Adress:
50-141 Wroclaw – Wróblewskiego
Following the international acclaim of Stuttgart’s Werkbund exhibition, a prestigious exhibition in Wroclaw in 1929 was dubbed WuWA (‘Wohnung und Werkraum’ – Living and Work Spaces).
32 buildings and 132 residential units were open to visitors for three months. WuWa’s concepts were resolutely experimental and social-utopian in nature: they were a response to social changes including the changing role of women within the family and at work. Thus the estate included a kindergarten: moreover, Hans Scharoun’s single persons’ residence (Ledigenheim) and Adolf Rading’s ‘tower house’ (multi-family dwelling) preached new kinds of cohabitation and communal living. After the exhibition, artists, architects and writers lived in the experimental settlement.

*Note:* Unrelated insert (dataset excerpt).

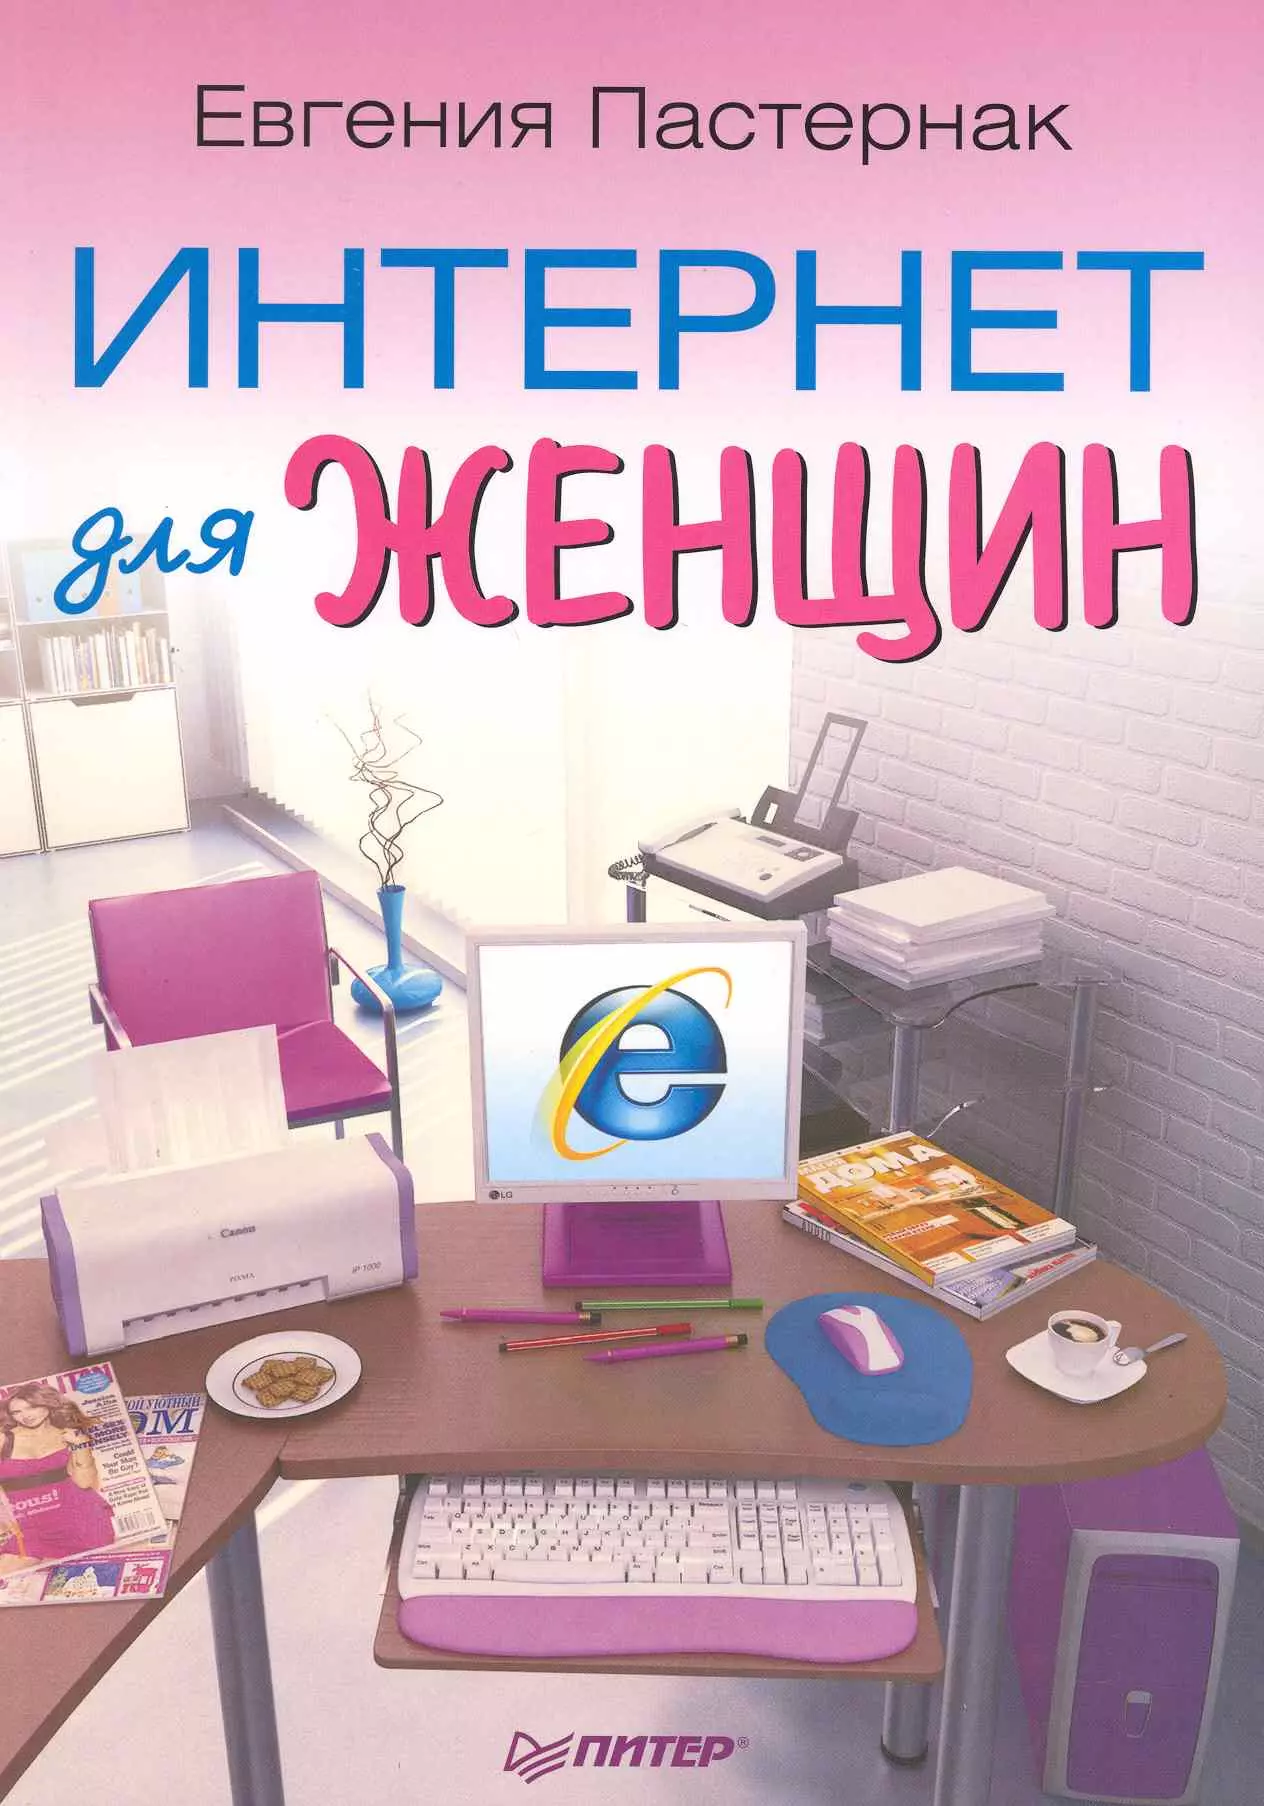 Пастернак Евгения Борисовна - Интернет для женщин.  3-е изд

During WWII while 80 % of Breslau was destroyed, the estate was almost untouched. Renamed Wroclaw, the city belonged to Poland. New residents moved into the city and Werkbund settlement. Professional circles were the first to recognise WuWA’s unique values. In 1972, Scharoun’s single persons’ residence was made a protected building; in 1979, this applied to all WuWA buildings. Since 2007, the entire complex has been subject to heritage protection law. The neighbouring Centennial Hall was made a UNESCO World Heritage Site in 2006. The WuWa estate lies in its ‘buffer zone’.